Vishal and Ruth Mangalwadi make a bold proposal that is no doubt controversial in some quarters. This is that the English cobbler missionary to India, and not Mahatma Gandhi, should be reckoned the father of modern India. Their opening chapter makes the case for what a sweeping impact Carey had on India. Not only was he a missionary who brought the message of Jesus, he was a botanist after whom a variety of eucalyptus is named and he brought the English daisy to India. He introduced the steam engine, the savings bank to fight usury, humane treatment of leprosy patients, printing technology, agricultural societies that laid the groundwork for the Green Revolution of the 1960’s. He translated important works and taught indigenous languages, liberating lower castes from high caste dominance that functioned by keeping them in ignorance. This also worked against the interest of British colonizers. He introduced the science of astronomy, countering superstition. He established lending libraries, pioneered forest conservation and crusaded for women’s rights including the ending of the practice of sati. He was the catalyst of a cultural transformation.
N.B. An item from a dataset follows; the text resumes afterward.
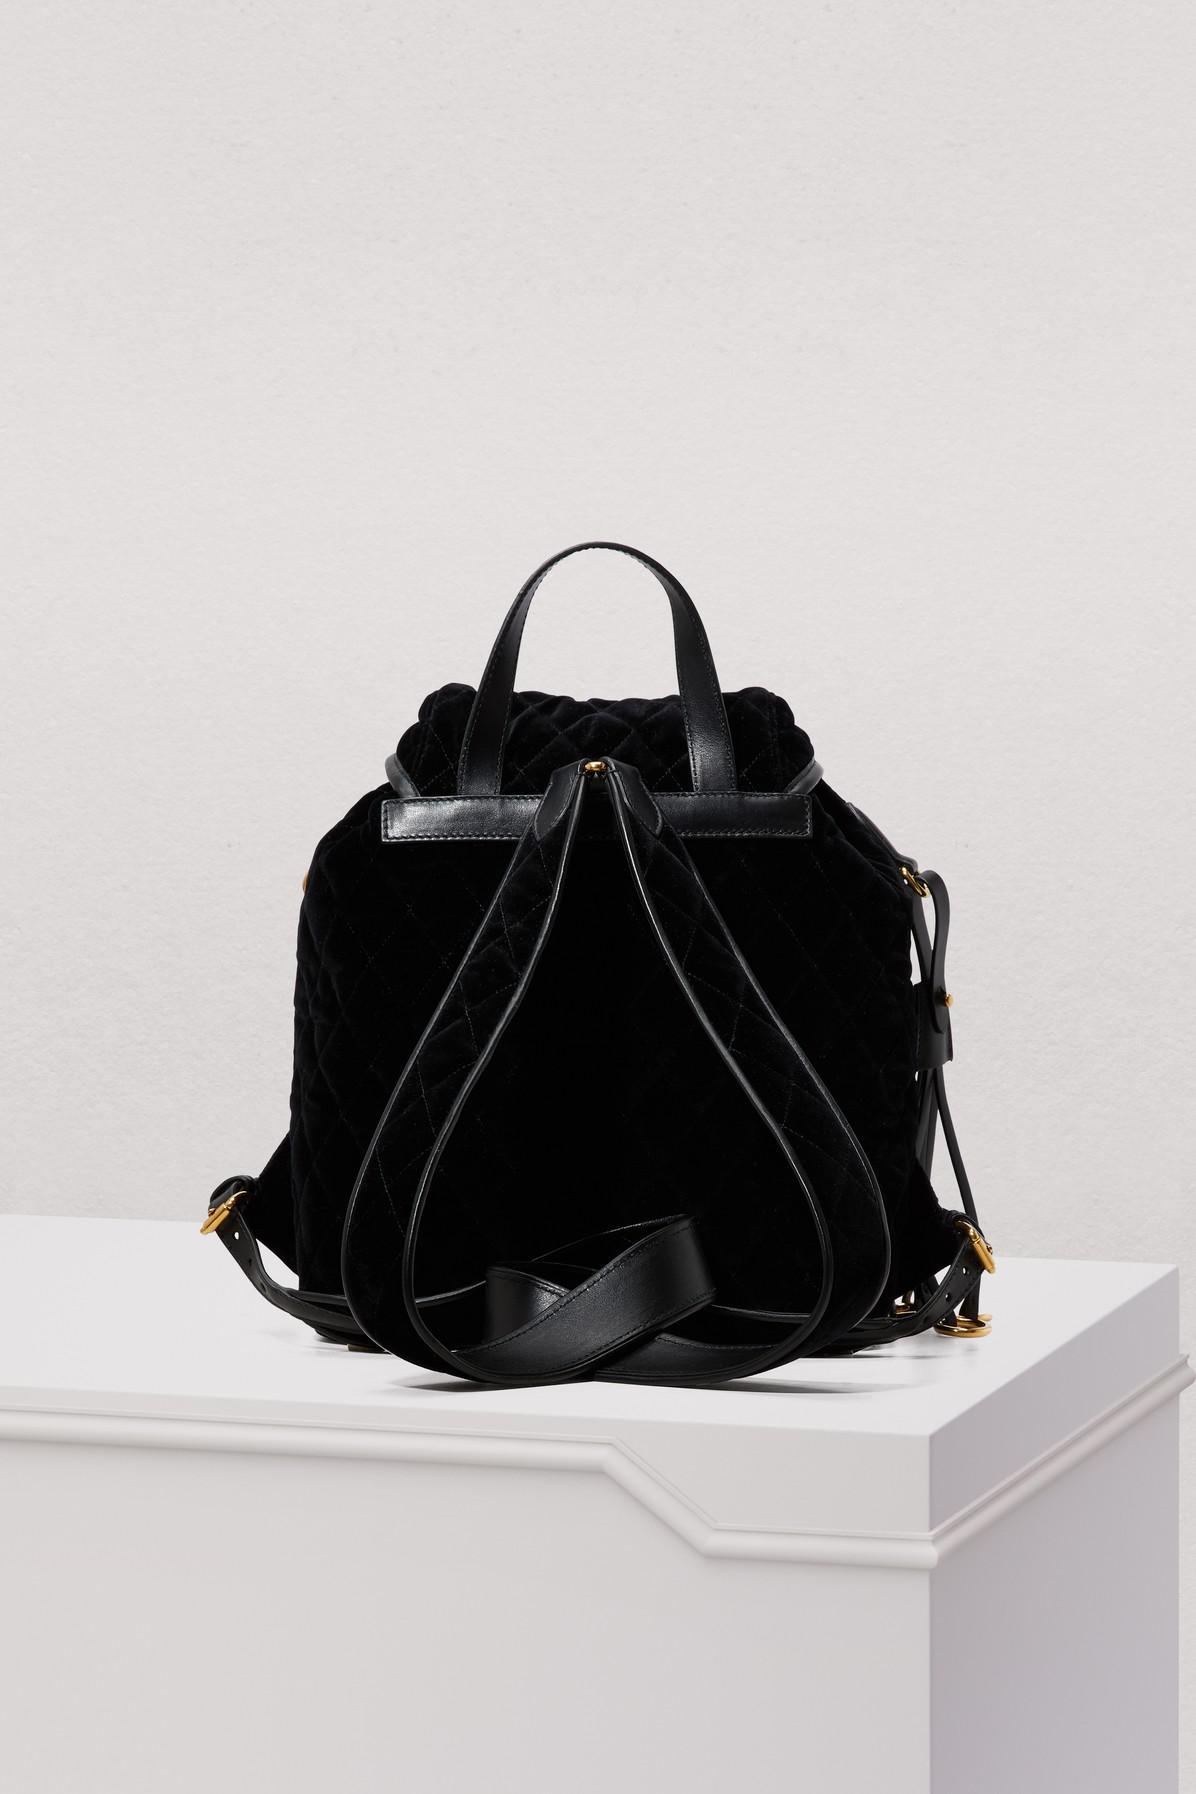 bde26c565e5b Prada Velvet Backpack in Black - Lyst

All of this was rooted in the conviction that India was a country to be loved rather than exploited. This led him to fight for practices like those above that contributed to cultural flourishing while opposing evil, exploitive, and unjust practices. He believed in the power of a gospel that proclaimed the dignity of all classes, of women as well as men as those loved by God and redeemed by Christ. This led to opposing practices of female infanticide, of language barriers that kept the poor in ignorance, and fostered female education, giving women increased economic power.

This work, while arguing for Carey’s influence on modern India, avoids hagiography. It can be argued that he used emotional manipulation to force his first wife against her will to come to India, threatening to leave her behind. She endured poor conditions and the loss of a child drove her into insanity, leading to a twelve year confinement until her death. It seems he was wiser in his second marriage to a Danish countess, who was much more in support of his efforts and a partner in them.

The book goes on to share how Carey’s faith provided the bedrock ideas of reform, contrasted with the humanists of his day. Carey saw this as a work of God accomplished through conversion. He also saw God as the source of all rationality, hence his focus on various disciplines of science education. As previously noted, he recognized how important was the language of the people, and not just that of the elite. His literacy efforts raised the status of Bengali, in which Rabindranath Tagore’s Nobel winning work was written. His worldview offered the premises for a modern society. His belief in a creator led to the emphasis on science. His belief in human beings in God’s image led to treating all human life as precious. His comprehensive efforts reflected a comprehensive view of the world shaped by his faith.

The tendency today is to lump Carey into Western cultural imperialism. The Mangalwadis challenge this narrative by showing Carey’s love for the country that often put him at odds with both indigenous and British overlords as he sought the flourishing of the nation’s people. At the same time they argue that Carey’s theologically shaped convictions led him to seek to supplant practices, whether harmful superstitions or the oppression of women or practices of health and hygiene, that increased human suffering and damaged the land and its economy.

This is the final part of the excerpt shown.